First, the event was recorded. There was a professional A/V studio working with multiple cameras, additional lighting, the works (though they did have some audio problems in the beginning). Andrei confirmed that the recordings will be published.

The audience was packed - 400 people in total. Quite amazing. I did not recognize anyone, which on the other hand is great because the event reached 399 people new to D :) Also the % of women was much higher than the past DConfs I've attended. There were a few people in the audience familiar with recent/untraditional programming languages (Rust, Nim, Haskell) so there was some nice dialogue at times (Andrei had to impose a budget on the first 5 rows to get the rest of the audience to participate).

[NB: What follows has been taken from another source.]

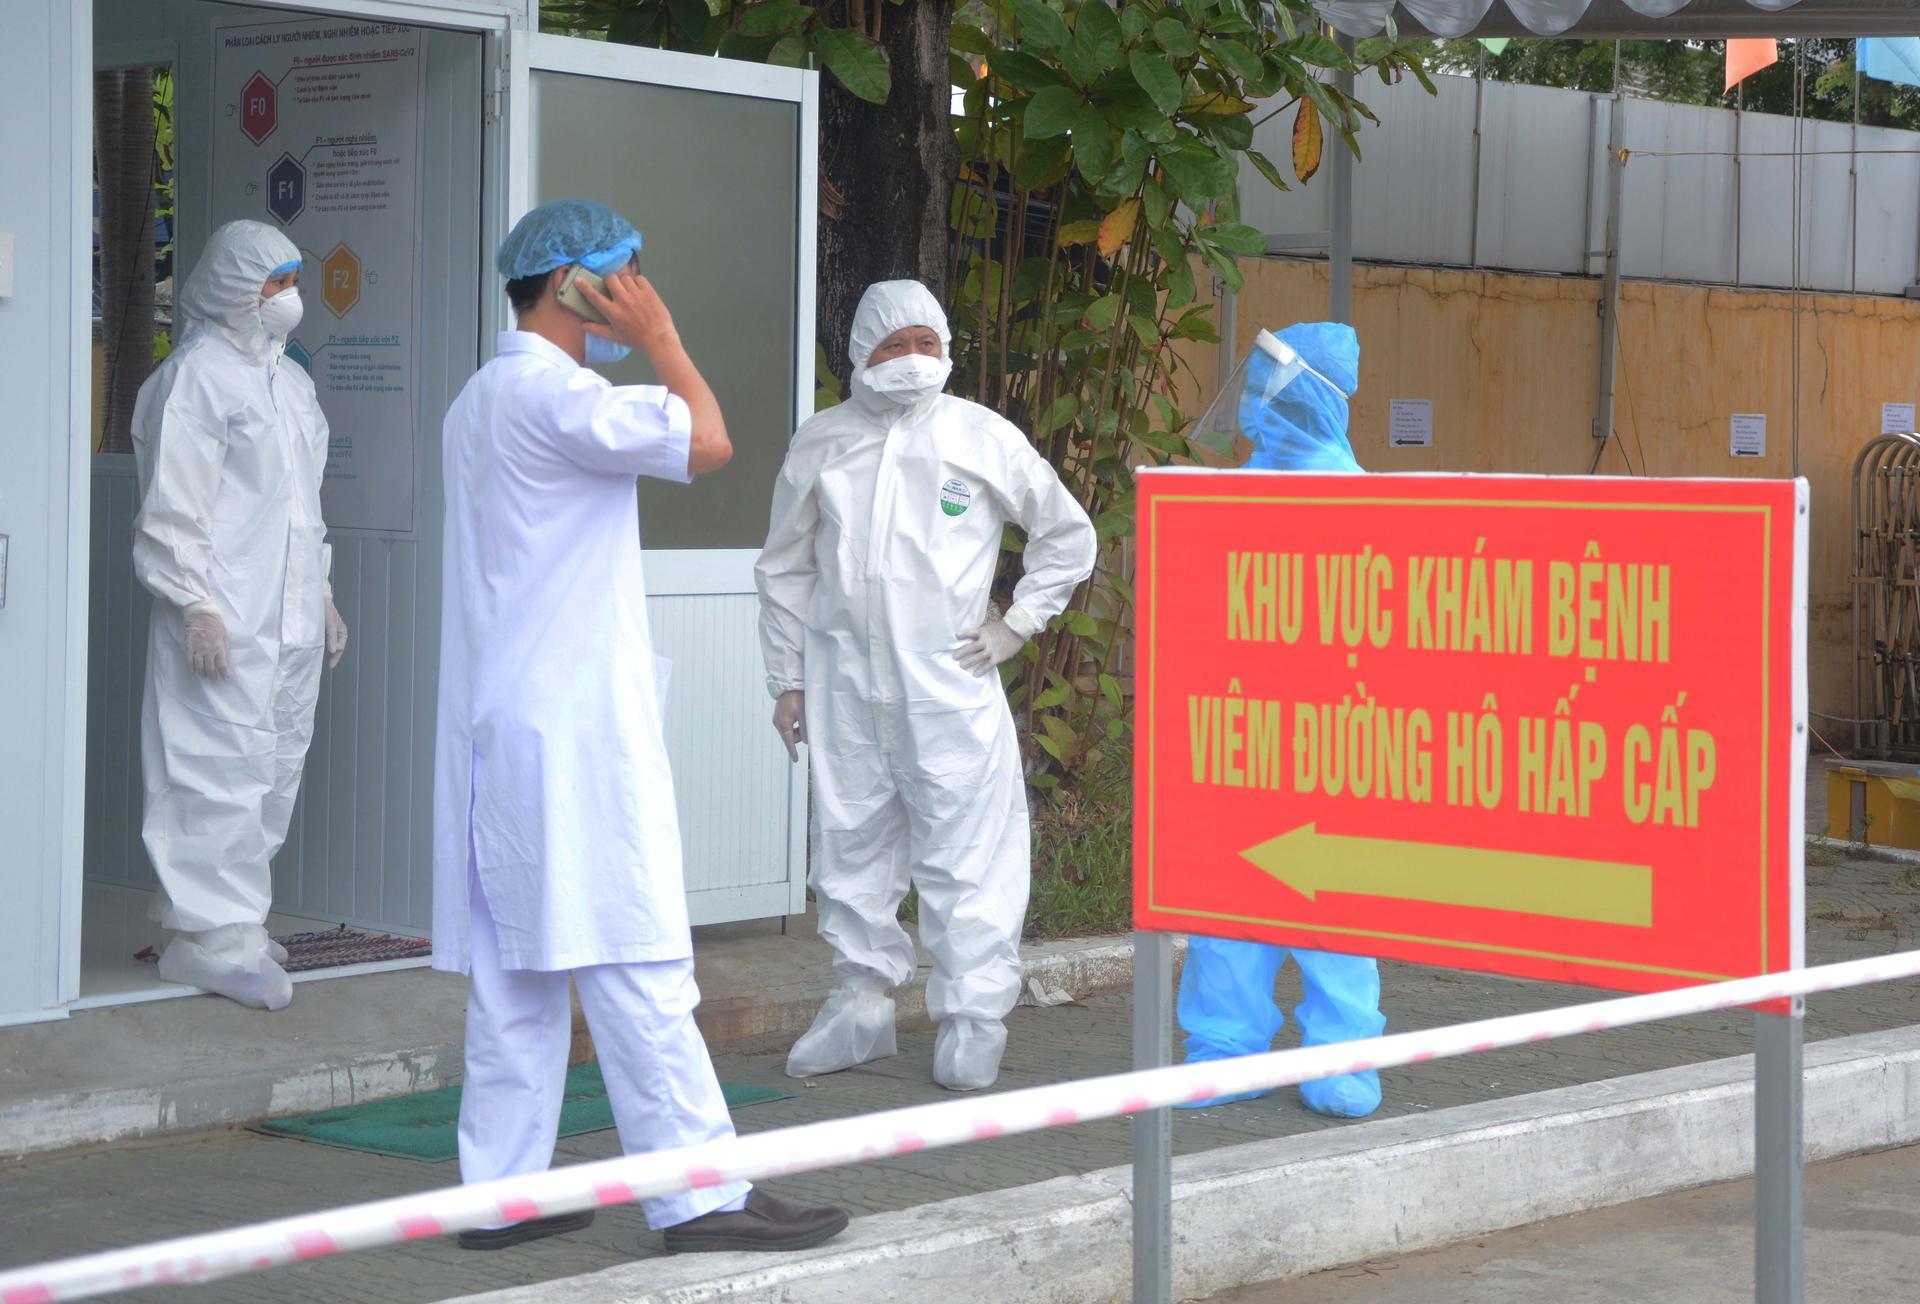 Vietnam PM says next 10 days 'critical' in virus fight

The event was organized very well considering the audience size and free attendance. There were free t-shirts, beverages, snacks, and even beer at the end - very nice of Siemens.

The talks:

The schedule was rearranged a bit, so it doesn't quite correspond to the one on the website (or I might be just misremembering). IIRC, the order was: welcome address, "Three cool things about D" by Andrei, "Interfacing D to legacy C++ code" by Walter, "Writing quick code, quickly" by Andrei, followed by the panel.

Andrei's first talk was mainly concerning with "pure", its variants (strong/weak), rules and benefits, as well as a quick description of CTFE and the famous ctRegex benchmark where D beats everything else. I'm not sure if some slides were skipped over due to time constraints.

Walter's talk was about how D was extended to gradually support more ways to interface with C++ (class/vtable layouts, namespaces, extern(C++), name mangling etc.) and how it helped DDMD.

Andrei's second talk, "Writing quick code, quickly" was not related to D, but I enjoyed it immensely. It covers some interesting optimization problems with some surprising solutions. I highly recommend watching this.

Finally, there was the panel with Scott Meyers. This included a book giveaway for the most embarrassing questions, of which there were many. A big part of the audience had left at this point though, as it was getting late. Many questions concerned D's ecosystem, e.g. whether we have good debugging GUIs for all platforms, which we don't for OS X. The books were TDPL (the rare edition with no author on the cover), Ali's D book, and a C++ book by either Andrei or Scott (unfortunately I do not remember), all signed by their authors.

This was all for the conference. We took the rest of the weekend to tour Brașov and do some sightseeing. The most striking thing about the city is the number of roundabouts - probably 90% of intersections were replaced by them! If you're around, do make sure to make the climb to the mountain looming above the old city (or just take the cable car), the view is awesome.